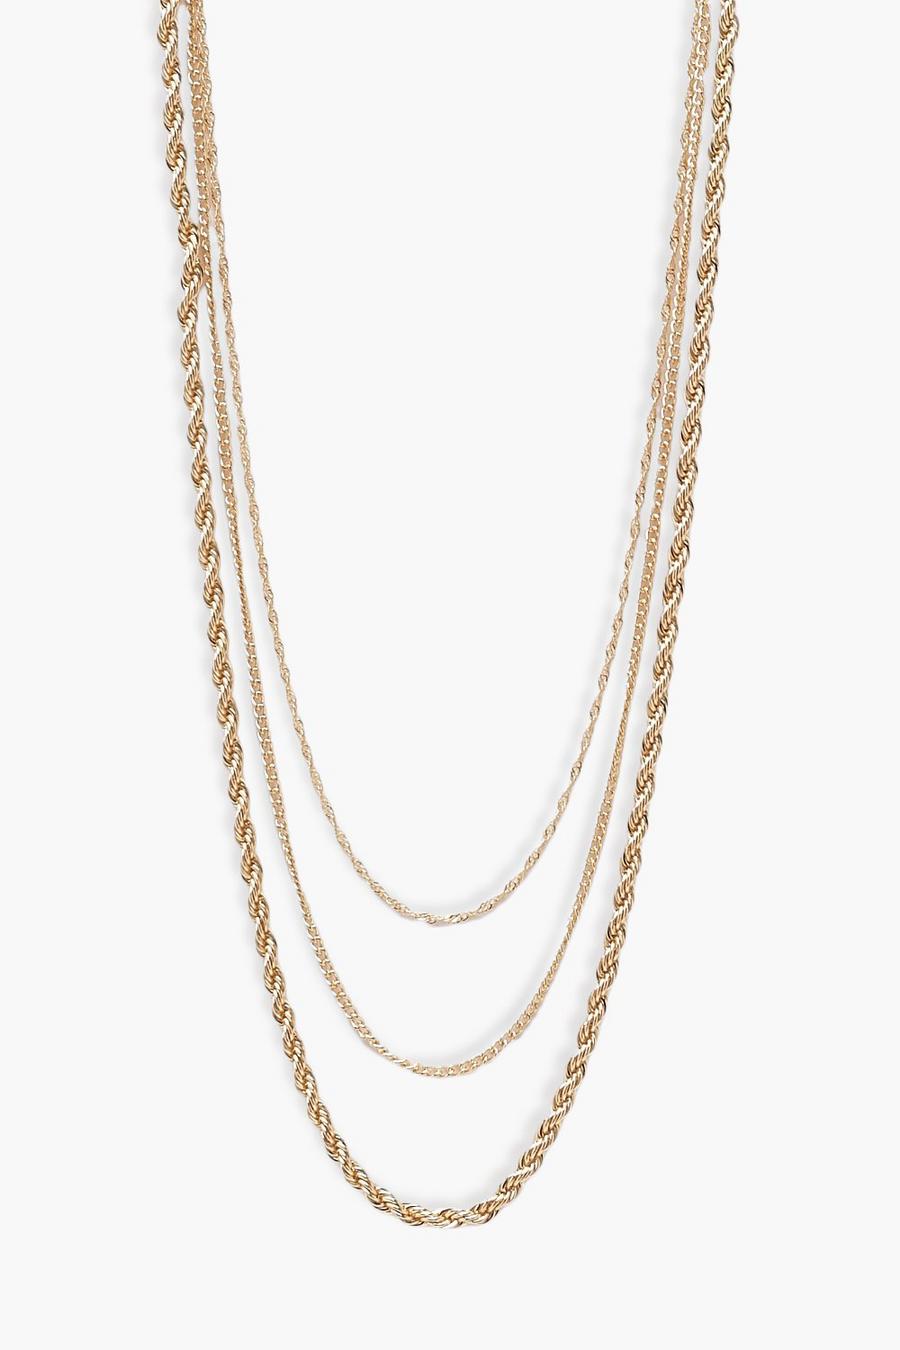 Gold Triple Rope Twist Chain Necklaces 
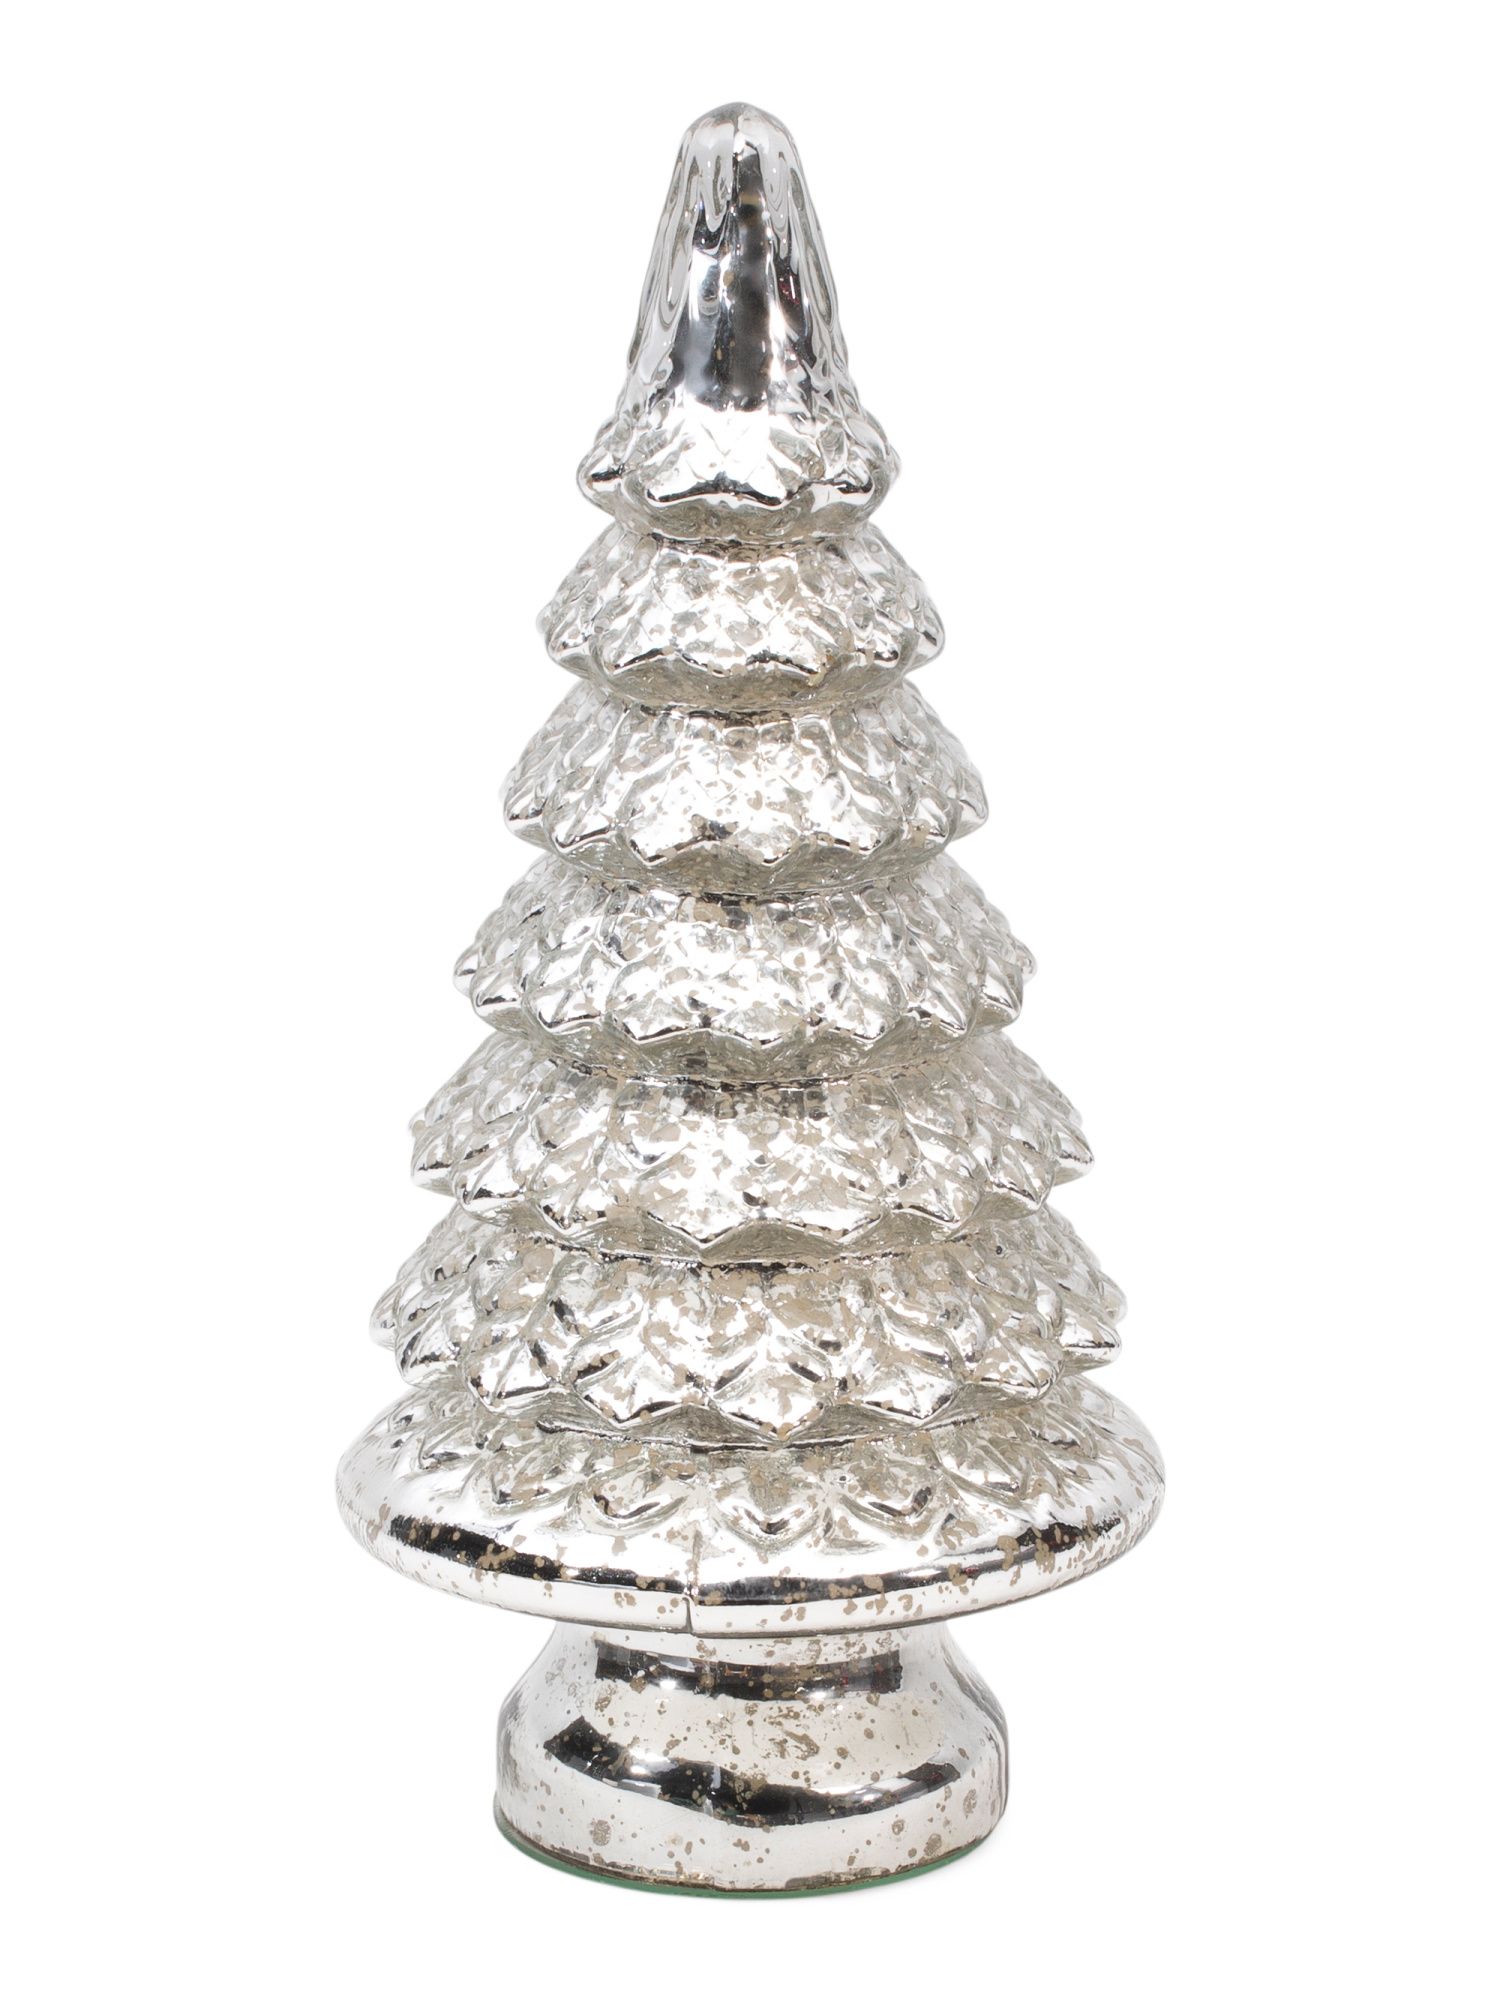 16in Antique Tiered Tree | TJ Maxx
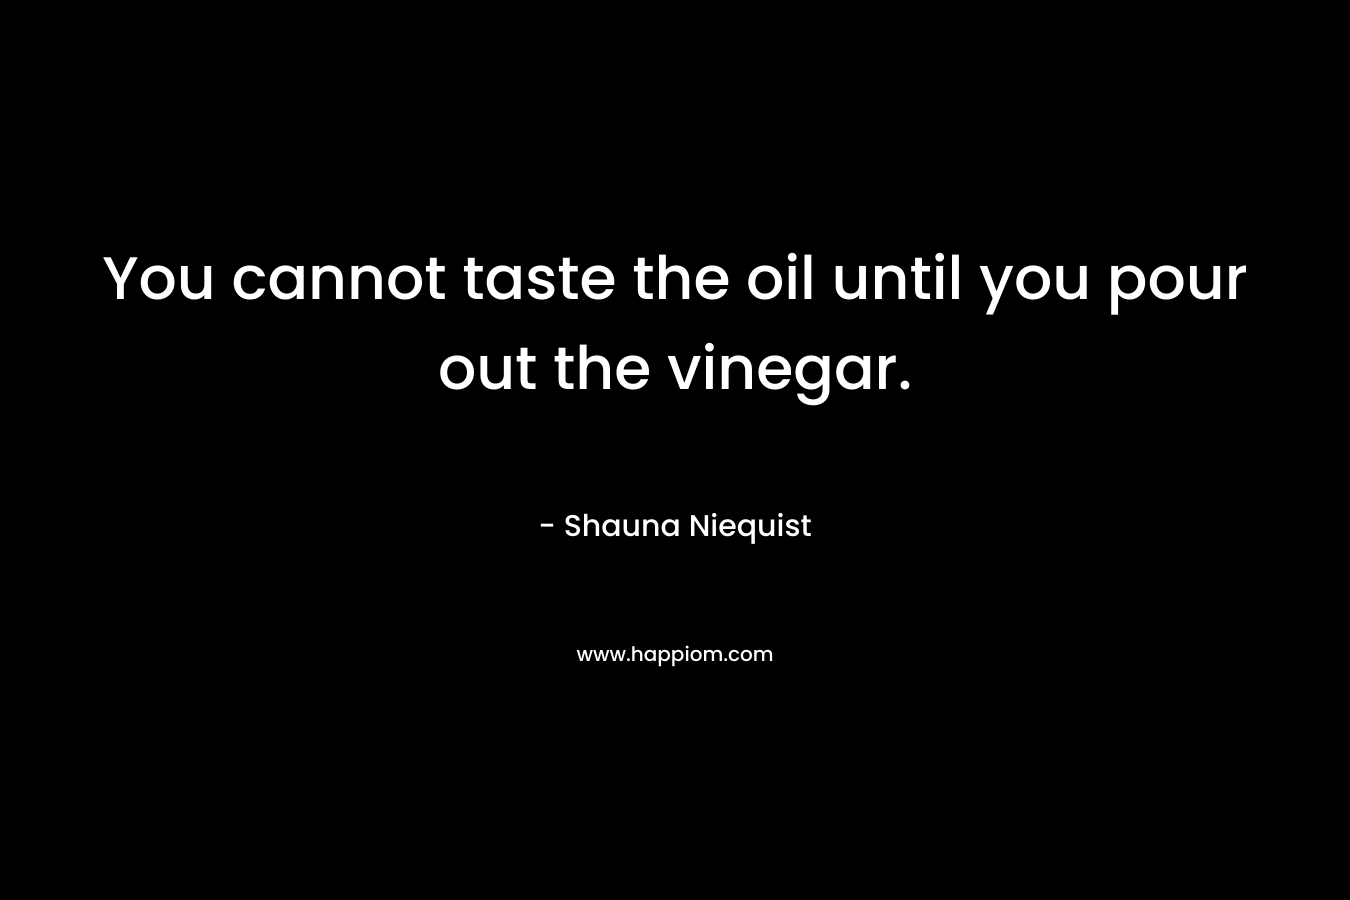 You cannot taste the oil until you pour out the vinegar. – Shauna Niequist
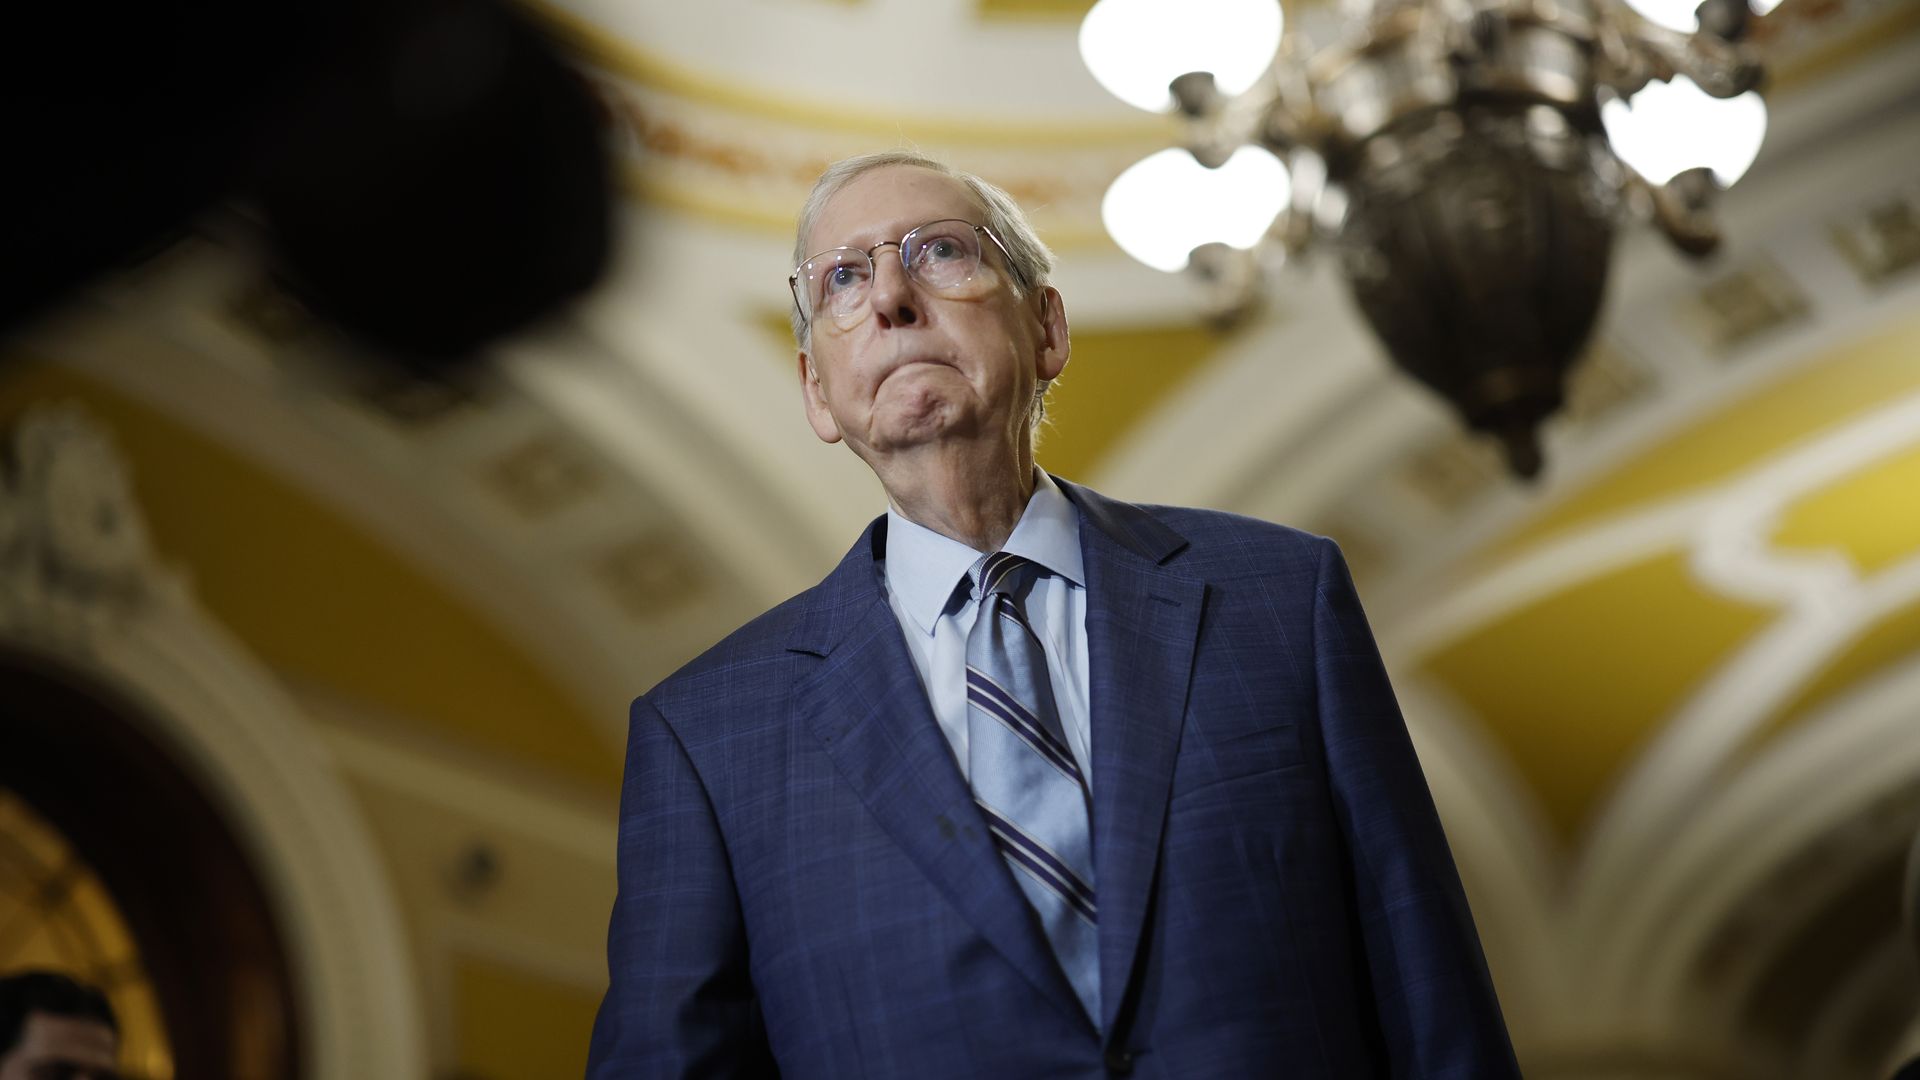 Mitch McConnell in a blue suit and striped tie. Photo is taken from below and a light fixture is in the background. The walls are yellow.

| Directions |
Everything in the material except the pictures should be output verbatim.

| Reply to the task |
 Gold Triple Rope Twist Chain Necklaces 
 16in Antique Tiered Tree | TJ Maxx
 You cannot taste the oil until you pour out the vinegar. – Shauna Niequist
 Mitch McConnell in a blue suit and striped tie. Photo is taken from below and a light fixture is in the background. The walls are yellow.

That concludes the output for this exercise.